Yoga binds the body to the mind and to the soul. In order to get a full concentration and focus in your life, it is important to do Yoga. Yoga helps you focus on the now and present and it fills your life with complete bliss helping you breathe and seize the moment. So far we helped you energise your joints with some twists and sitting, here are some more sitting postures to help you become a little more flexible:
Upavishtakona Asana
Upavishta means seated and Kona means angle. Sit on the floor in Danda Asana. Move the legs sideways, one by one, and widen the distance between them as far as you can. Keep the legs extended throughout and see that the back of the entire legs rests on the floor. Catch the big toes between the respective thumbs and index and middle fingers. Keep the spine erect and extend the ribs. Pull the diaphragm up and hold the pose for a few seconds with deep breaths. Exhale, bend forward and rest the head on the floor. Then extend the neck and place the chin on the floor. Then, clasp the feet with the hands and try to rest the chest on the floor. Stay in this position from 30 to 60 seconds with normal breathing. Inhale, raise the trunk off the floor and release the hold on the feet. Hold the left foot with both hands, exhale and rest the chin on the left knee. Inhale and raise the head and trunk. Now, catch the right foot and with an exhalation rest the chin on the right knee. Inhale, raise the head and trunk, release the hands, bring the feet together and relax.

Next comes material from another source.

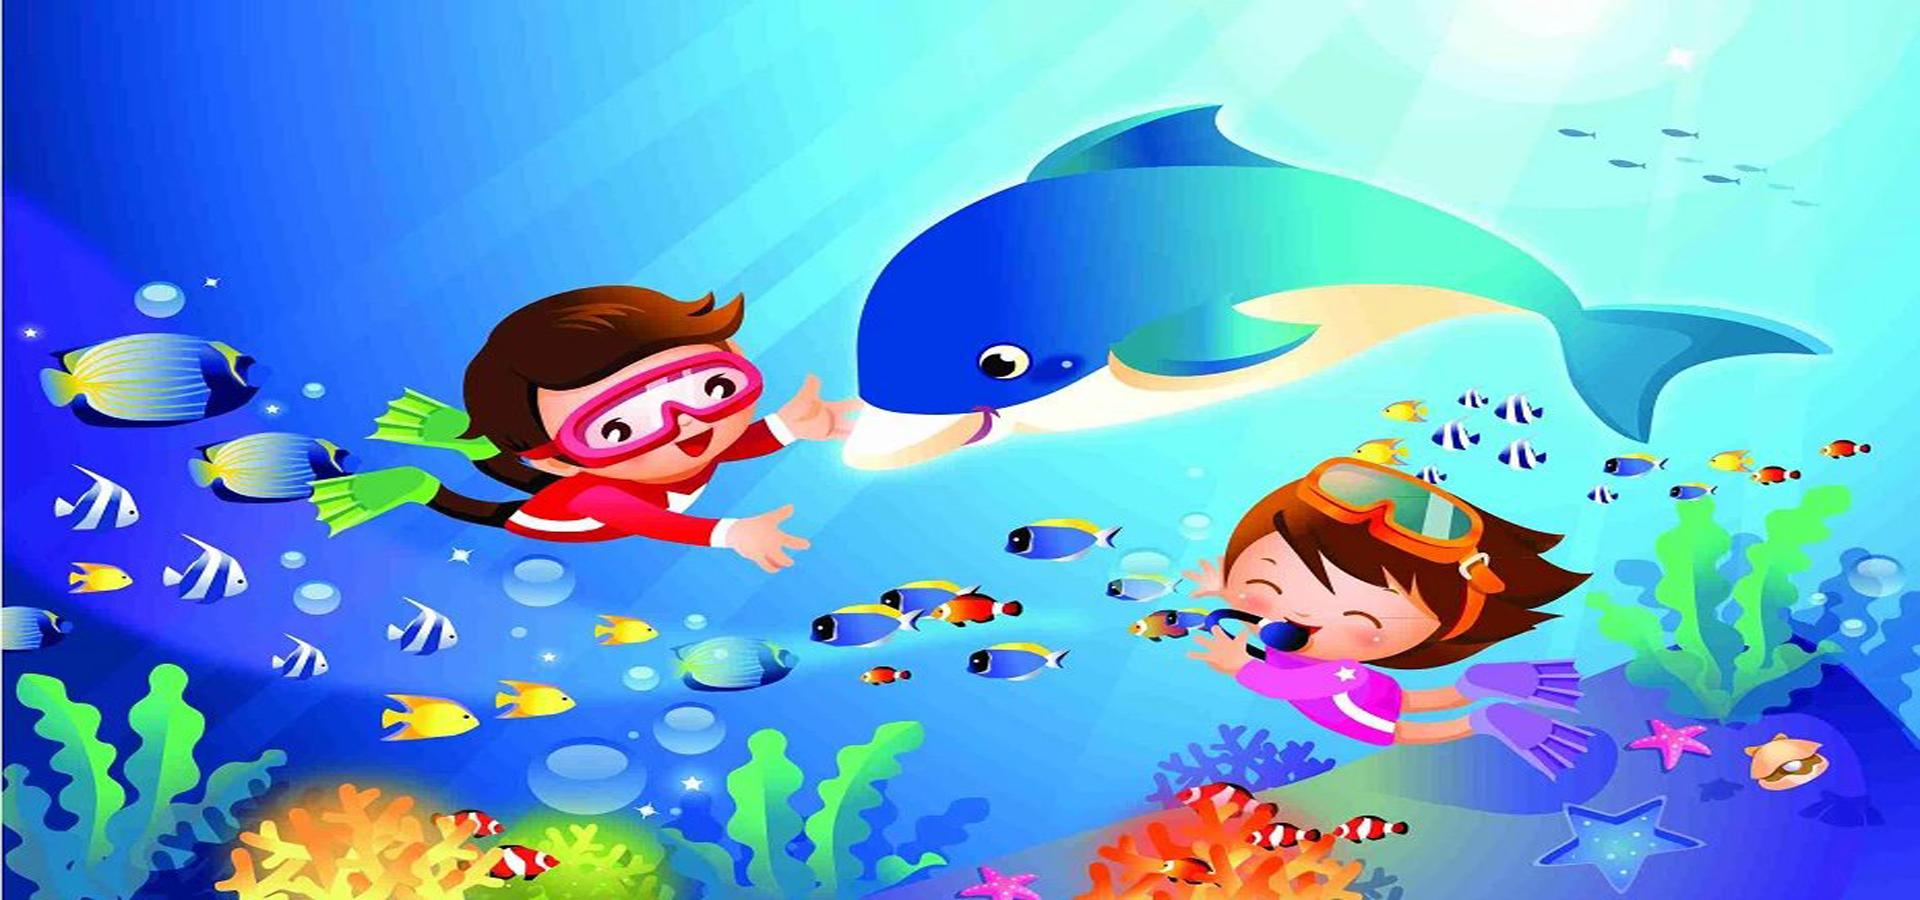 Nel cartone il mondo sottomarino i cartoni animati

This asana stretches the hamstrings and helps the blood to circulate properly in the pelvic region and keeps it healthy. It prevents the development of hernia of which it can cure mild cases and relieves sciatica. This asana is a boon to women as the asana controls and regularises the menstrual flow and also stimulates the ovaries.
There is yet another variation of Paschimottana Asana.
Urdhva Mukha Paschimottanasana I
Urdhva means upwards and Mukha means face, mouth. When used together it means having the face upwards. Paschimottanasana is the intense posterior stretch, a massage for the back.
Sit on the floor with the legs stretched straight in front. Flex the knees and bring the feet closer to the buttocks. Catch the toes with the hands, exhale and stretch the legs up in the air, straighten them at the knees, pull the knee-caps towards the thighs and balance on the buttocks, keeping the spine as concave as you can. This position is called Ubhaya Padangushthasana (Ubhaya means both, Padangushtha means big toe).
To start with you roll over backward on the floor, and it takes some time to learn to balance on the buttocks alone. Stay in the pose from 30 to 60 seconds with normal breathing. After securing the balance, release the toes and hold the heels. Later interlock the fingers behind the extended feet and balance. Stretch the neck up and with an exhalation rest the forehead on the knees. Hold the pose for about 30 seconds with normal breathing.
Urdhva Mukha Paschimottanasana II
This is yet another variation of Paschimottana Asana. Lie flat on the floor and place the hands straight over the head. Stretch the legs straight, tighten the knees and take a few deep breaths. Exhale and slowly raise the legs together and bring them over the head. Interlock the fingers, clasp the soles and stretch the legs straight up with the knees keep tight. Rest the entire back on the floor. Take three deep breaths. Exhale, lower the legs towards the floor beyond the head by widening the elbows. Try and keep the pelvis as near the floor as possible. Keep the legs tightened at the knees throughout. Rest the chin on the knees. Stay in the position for 30 to 60 seconds, breathing evenly.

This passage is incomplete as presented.